Coates is one of those rare[ish] creatures – a male Persephone author – but his main character is a woman. ‘Patience’ is there as a theme throughout the novel, but it is also the name of the main character. She is a devoted mother to her children, and thinks she might be on the way to another. Here’s the rather wonderful opening line:
It was odd, thought Patience, that surprises never came singly, and that the day she asked herself whether she was going to have another baby, poor Lionel should have asked himself to tea.
Lionel is Patience’s brother and something of a hassle. His wife has recently left him to join a retreat, permanently, and he is busying himself with interfering in Patience’s life and her marriage. He’s always quite interfering, but he has particular reason this time: because he’s discovered that Patience’s husband, Edward, is having an affair.
That might be rather a devastating discovery for many wives, but Patience isn’t unduly perturbed. Her relationship with Edward is one of thoughtless acceptance. She has been taught to be submissive and so she lets him sleep with her, and she is proud of the offspring of that marriage, but it seems never to have crossed her mind that one might love one’s husband, or want to spend time with them.

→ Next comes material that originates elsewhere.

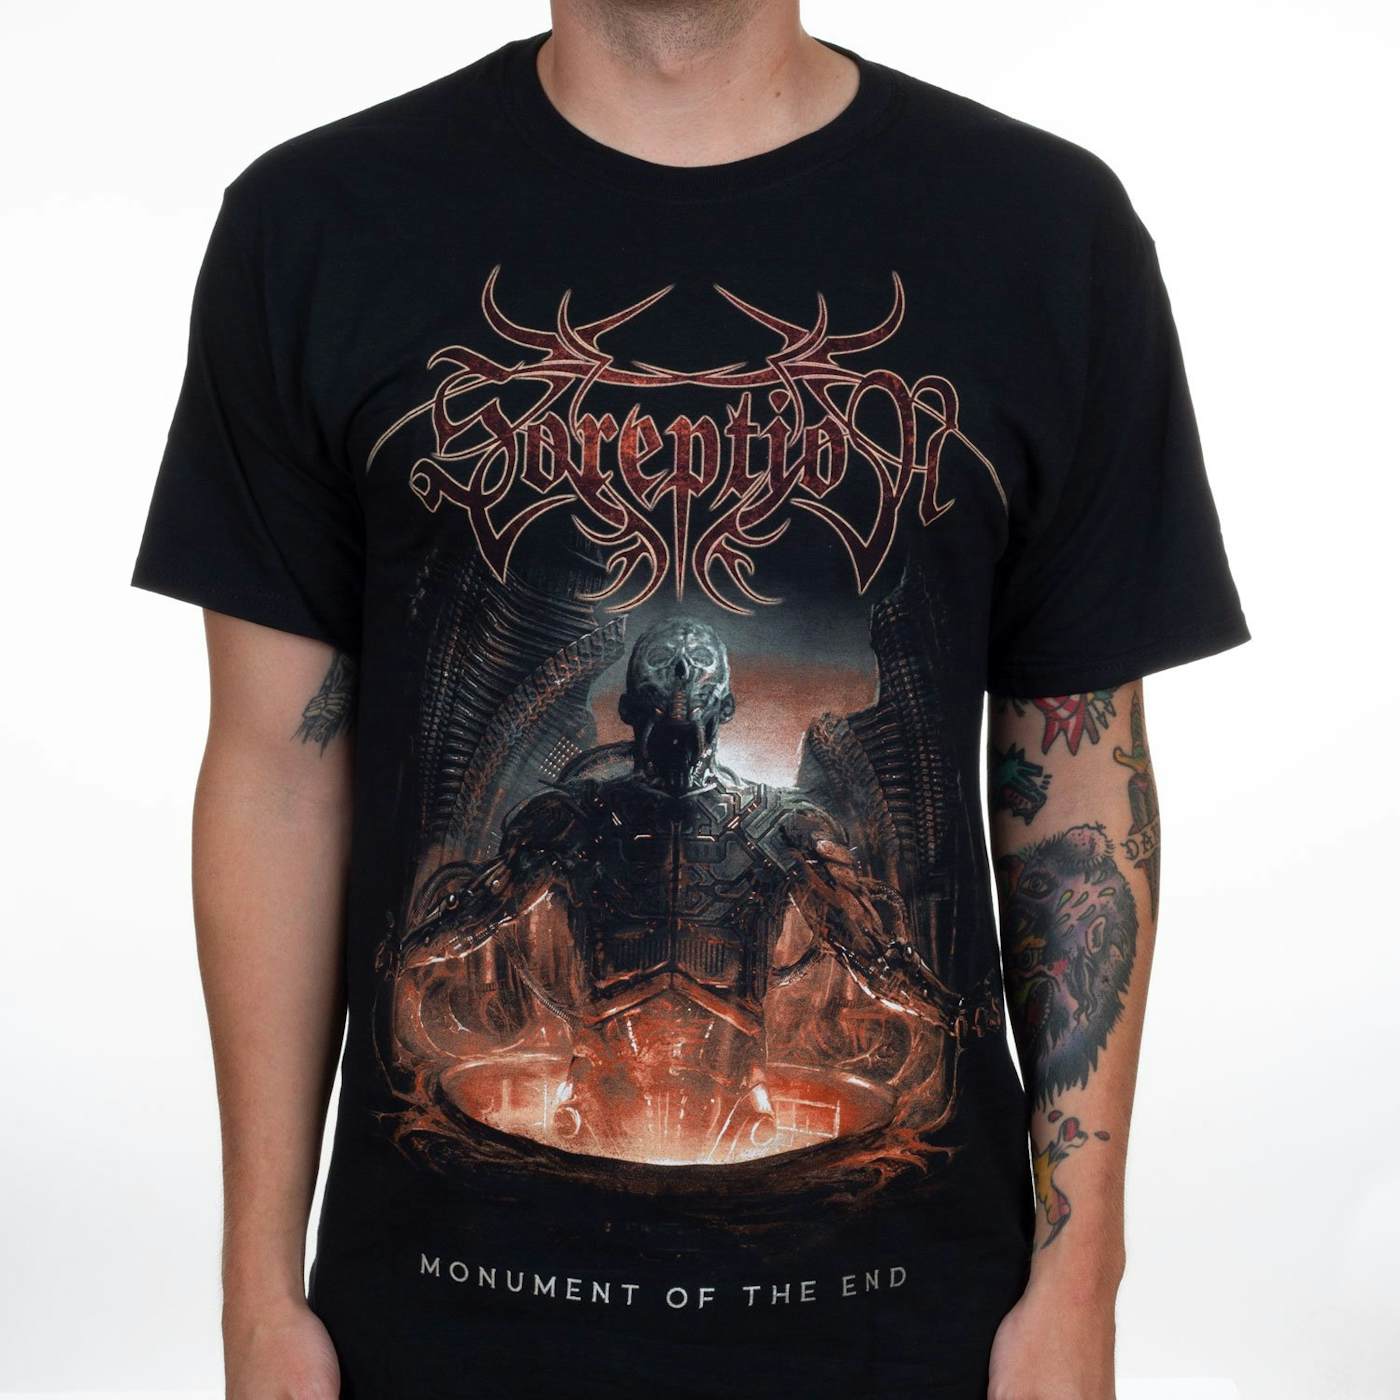 Soreption "Monument Of The End" T-Shirt

An awful lot of things have never crossed Patience’s mind. Coates has created something rather extraordinary in her – because she is clueless and naive, taking things on surface level, kind to everyone and absolutely predisposed to like them. But she is never, never the butt of the joke in the narrative. Patience would be a slightly absurd comic character in the background of most novels. Here she is a heroine, and I loved her. She is fundamentally good, even if the way she understands the world and its morals is a mixture of pragmatic, idiosyncratic, and Catholic.
I’ve buried the lede, but Catholicism is one of the big themes of this very funny novel. Importantly, Coates isn’t mocking Catholicism – I have zero time for novels that mock people’s faith – but he is funny about people who twist scripture and the tenets of the church for their own ends, or who are half-hearted in it. This early sentence amused me, and gives a good sense of Coates’ tone – it’s about why Patience is married to a non-Catholic:
For darling Mummy had been unable to find any eligible Catholics for her daughters, what with the war being on and perhaps not trying very hard.
Because of her firmly-held faith, Patience can’t get a divorce. Even when things get more complicated, as she falls instantly in love with a man called Philip… and that’s just the beginning of the complications that follow.
I have only two qualms about this novel. One is the love-at-first-sight thing. Maybe it does happen sometimes, but it just feels a bit silly in a novel. The other is that Patience thinks a lot more about the church than about God, which is a little at odds with the genuine nature of her faith.
Besides those details, I loved Patience. Coates is really good at putting together this bizarre twist on a moral dilemma, in a novel that could easily have been a miserable tale about unhappy marriage in a different author’s hands. Instead, Coates sustains the humour and lightness of the novel, and keeps the reader – well, this reader at least – fully empathetic with Patience, and really liking her. But then again I never find unworldliness offputting in someone, real or fictional, unless it means that other people have to deal with the mess they leave behind them. And that’s never the case with Patience.
Such an unusual topic for a novel, handled perfectly, and a delight from start to finish.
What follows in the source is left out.